Transcribe the listing underneath, keeping each word exact and omitting the images.

PROVIDED MATERIAL
▼▼▼

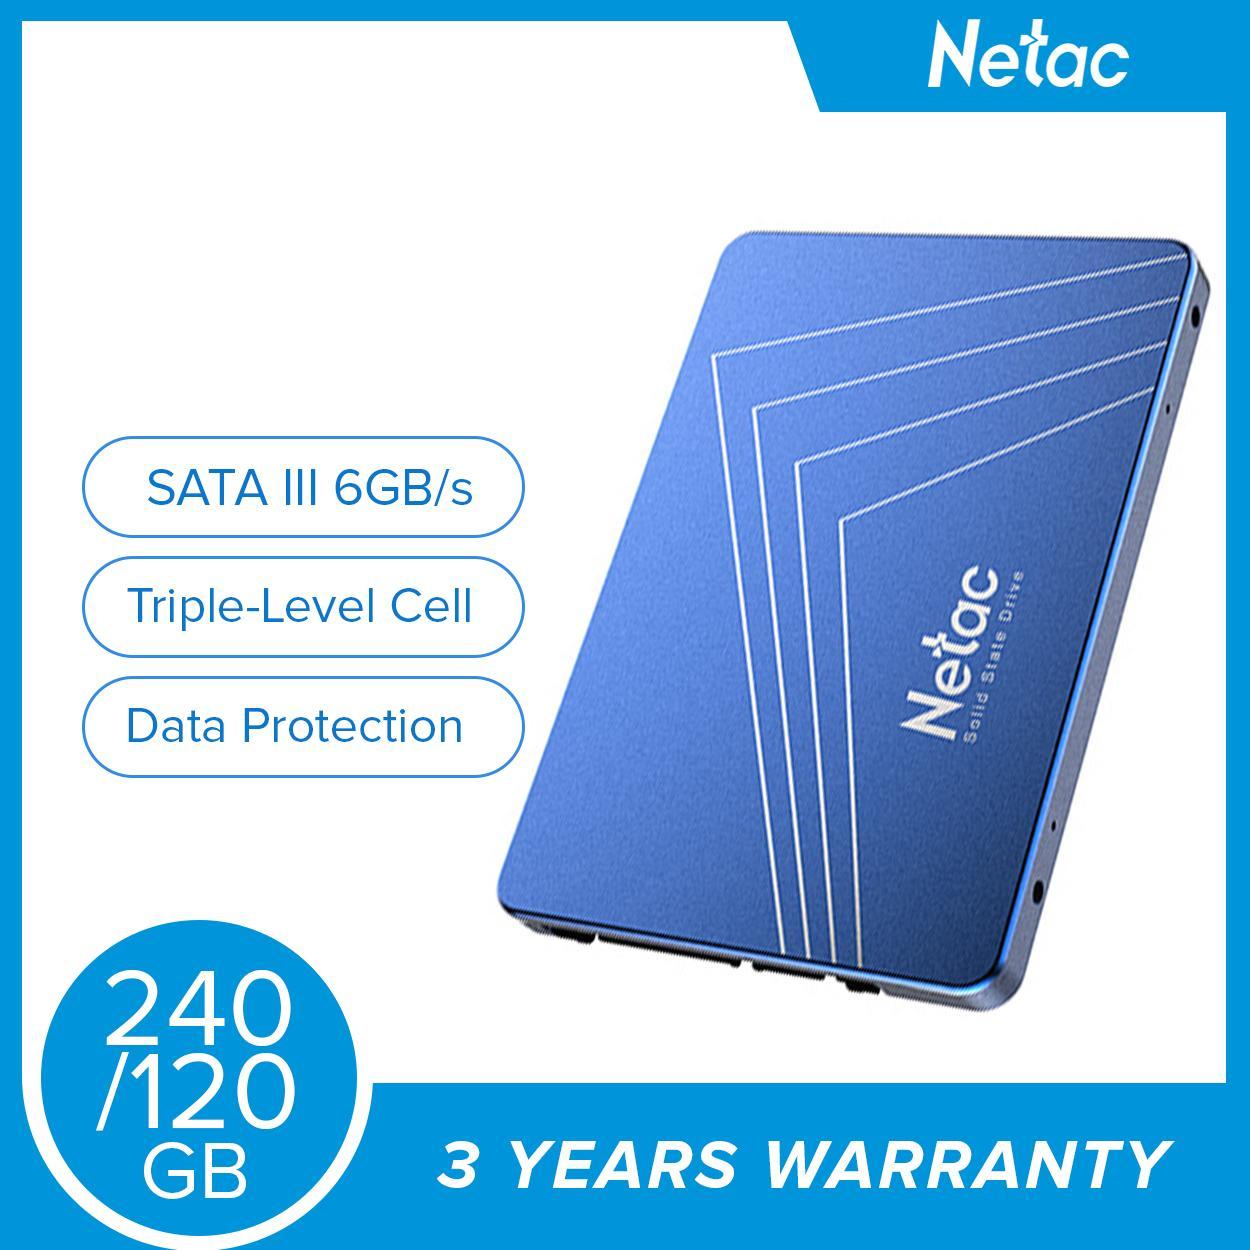 "Netac SSD N535S 2 5"" SATA III 6Gb/s 120GB/240GB Solid State Drive (Blue)"
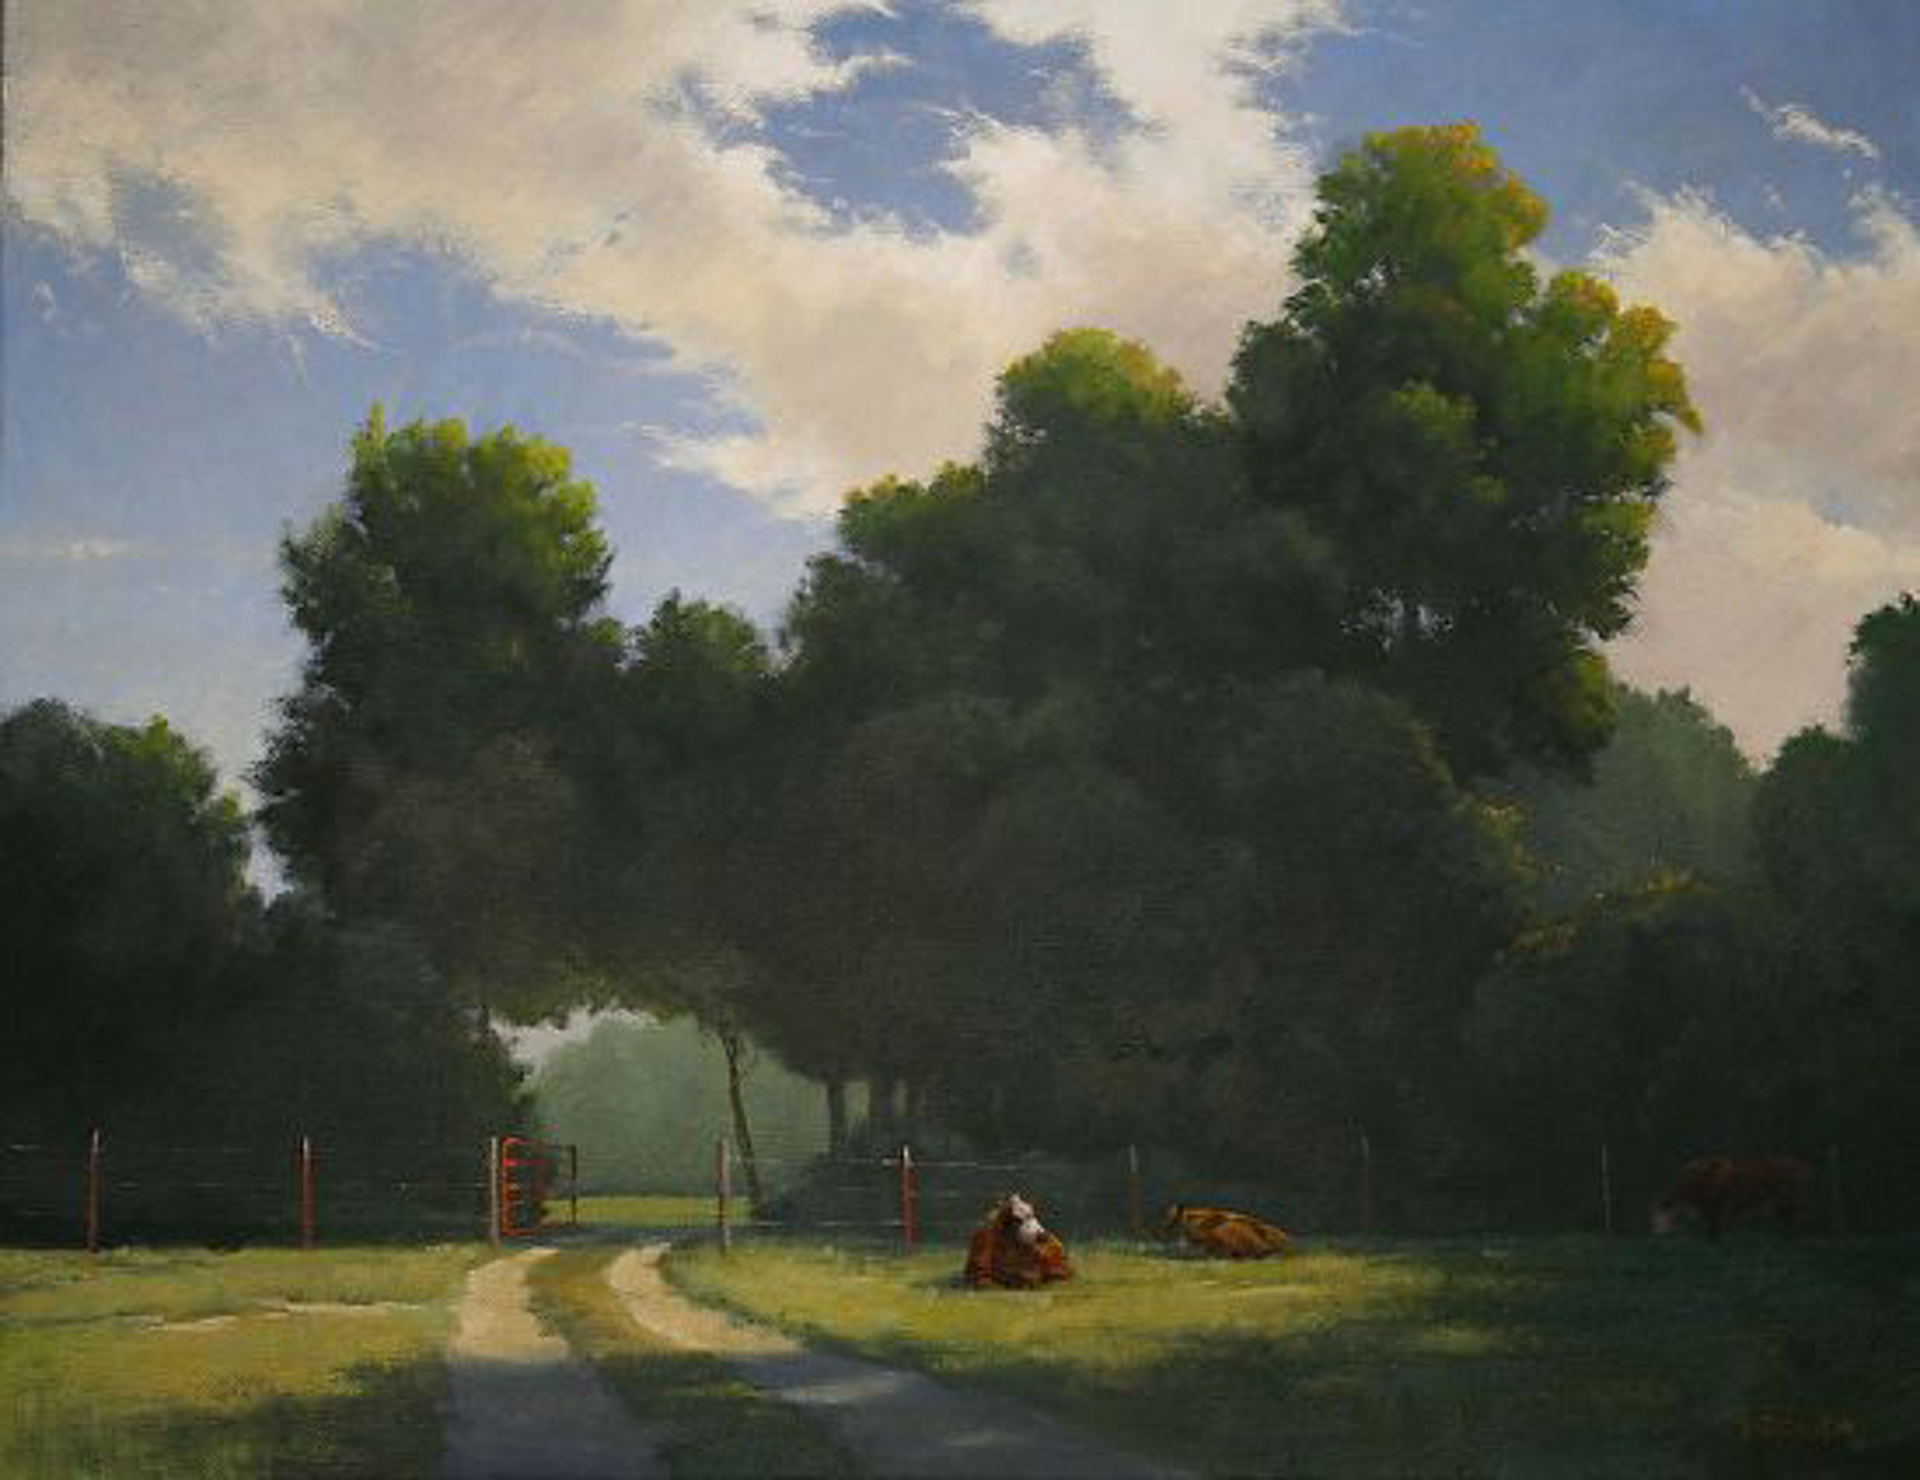 Red Gate by John Roush
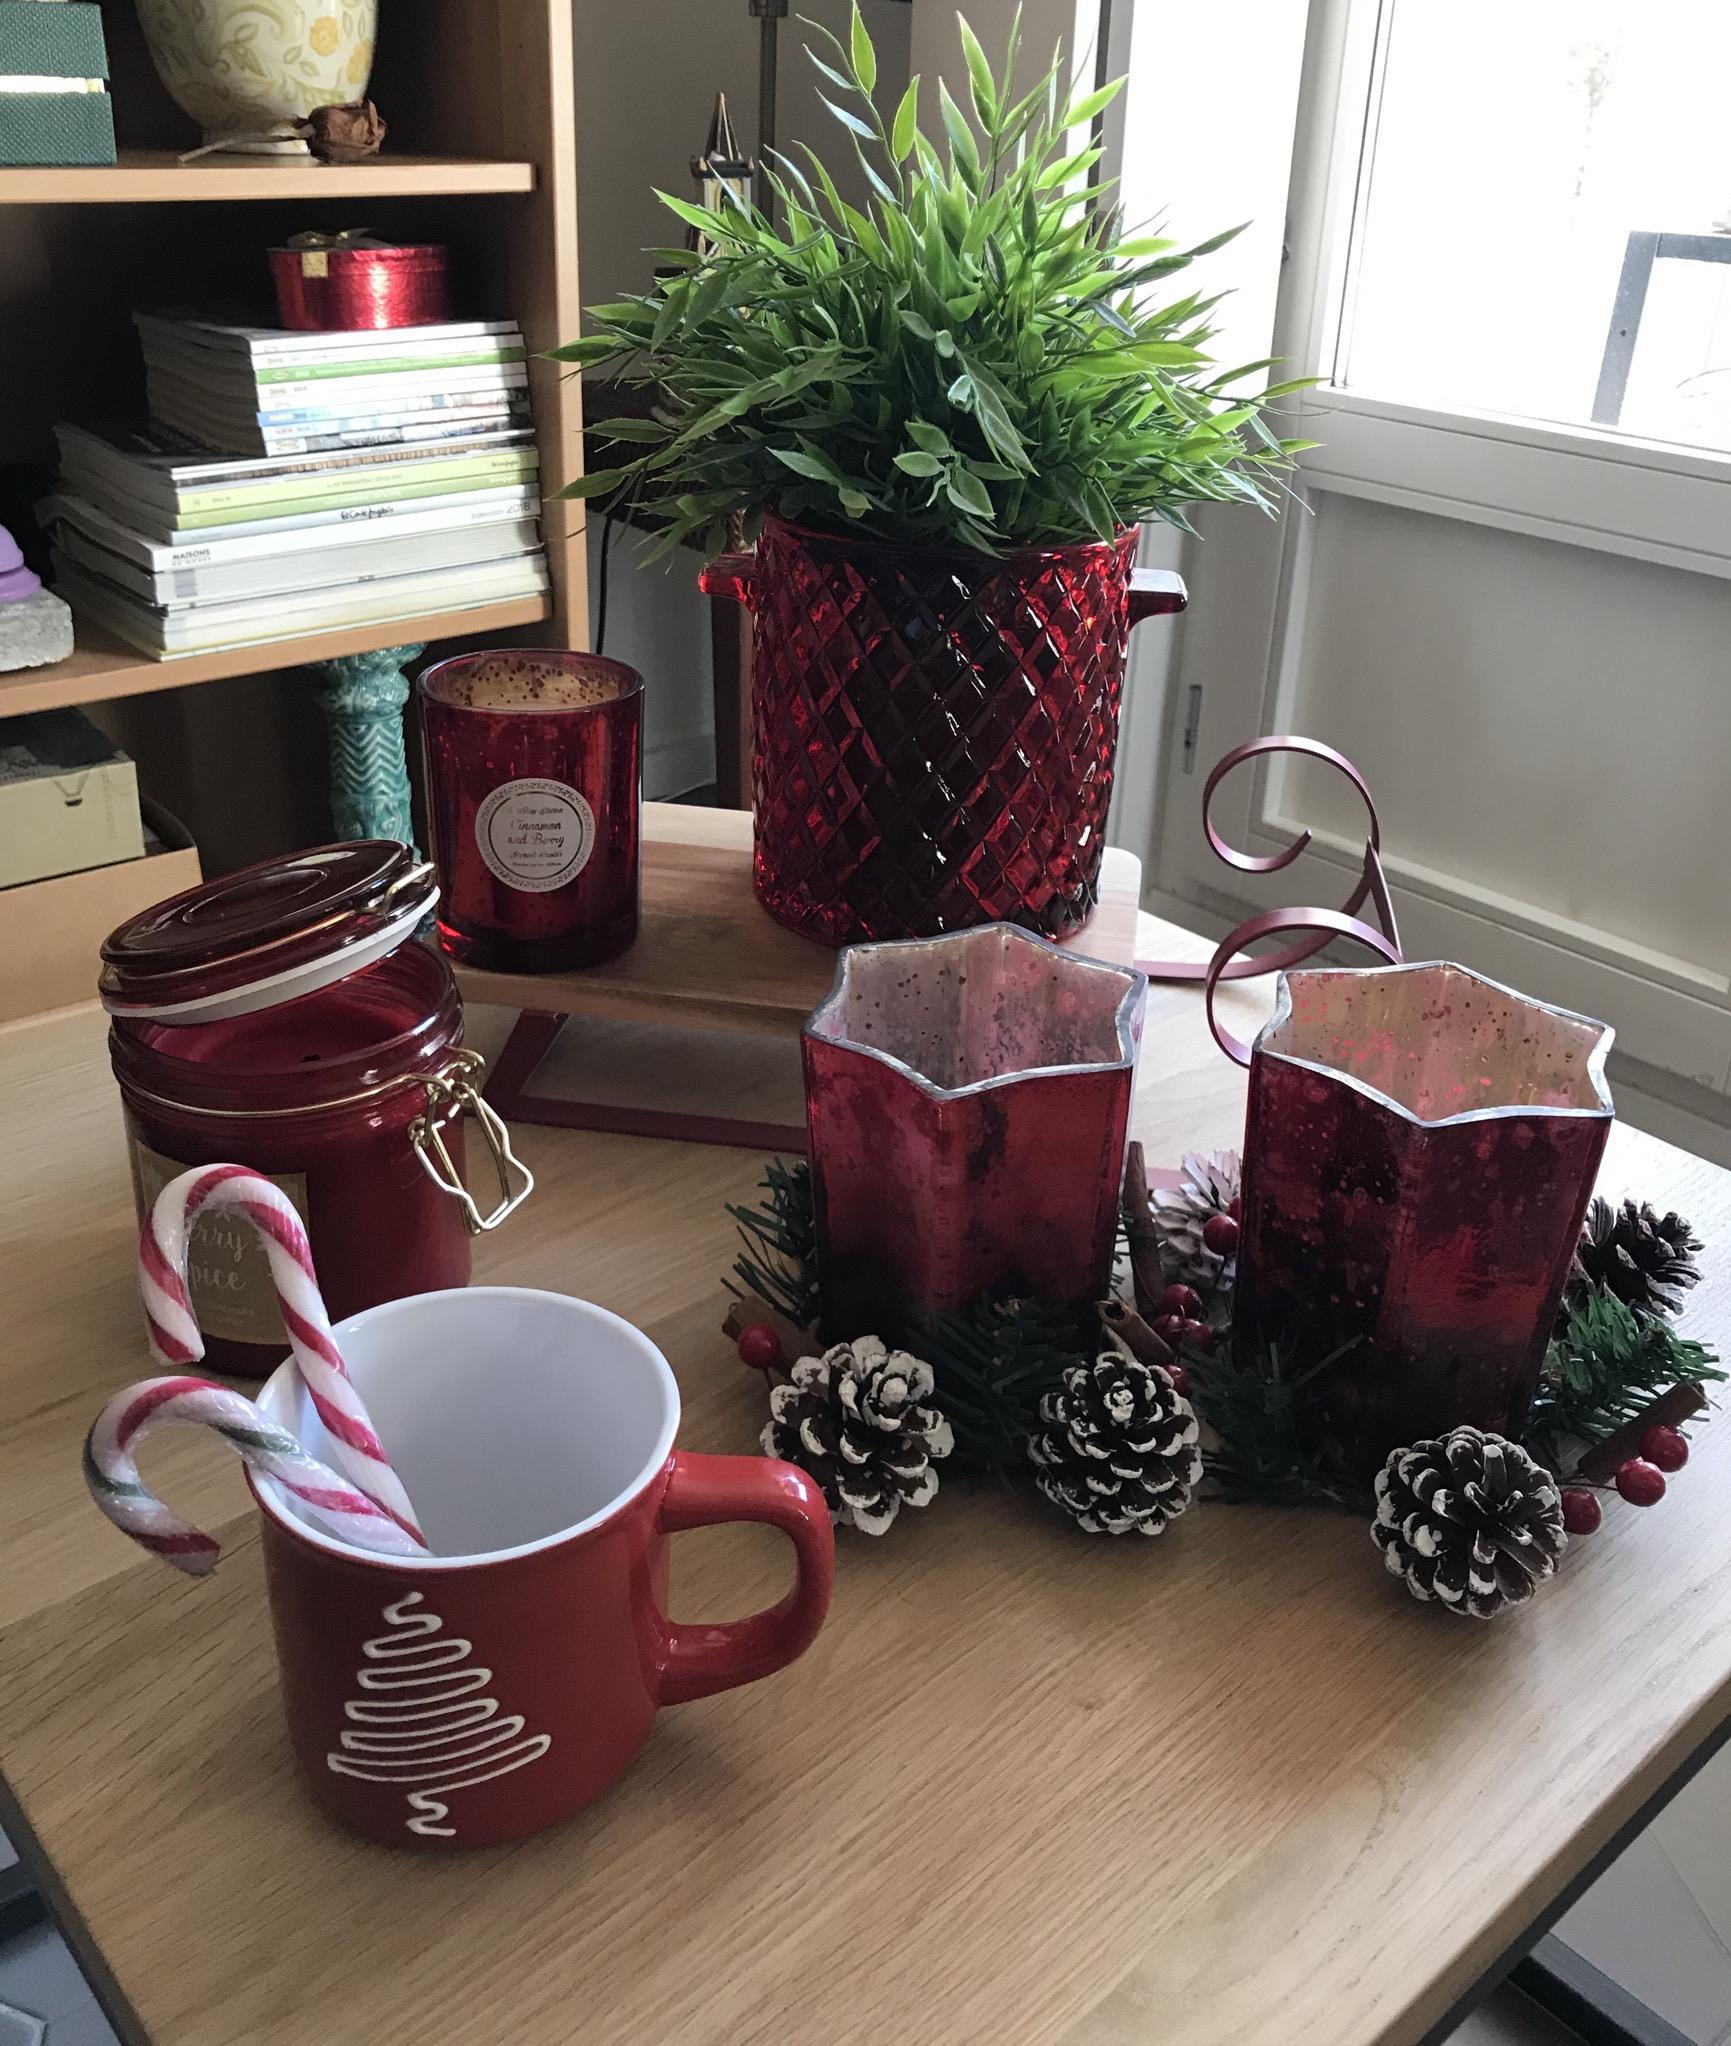 Trineo Navidad - Zara Home

▲▲▲

WRITTEN REPLY
 "Netac SSD N535S 2 5"" SATA III 6Gb/s 120GB/240GB Solid State Drive (Blue)"
 Red Gate by John Roush
 Trineo Navidad - Zara Home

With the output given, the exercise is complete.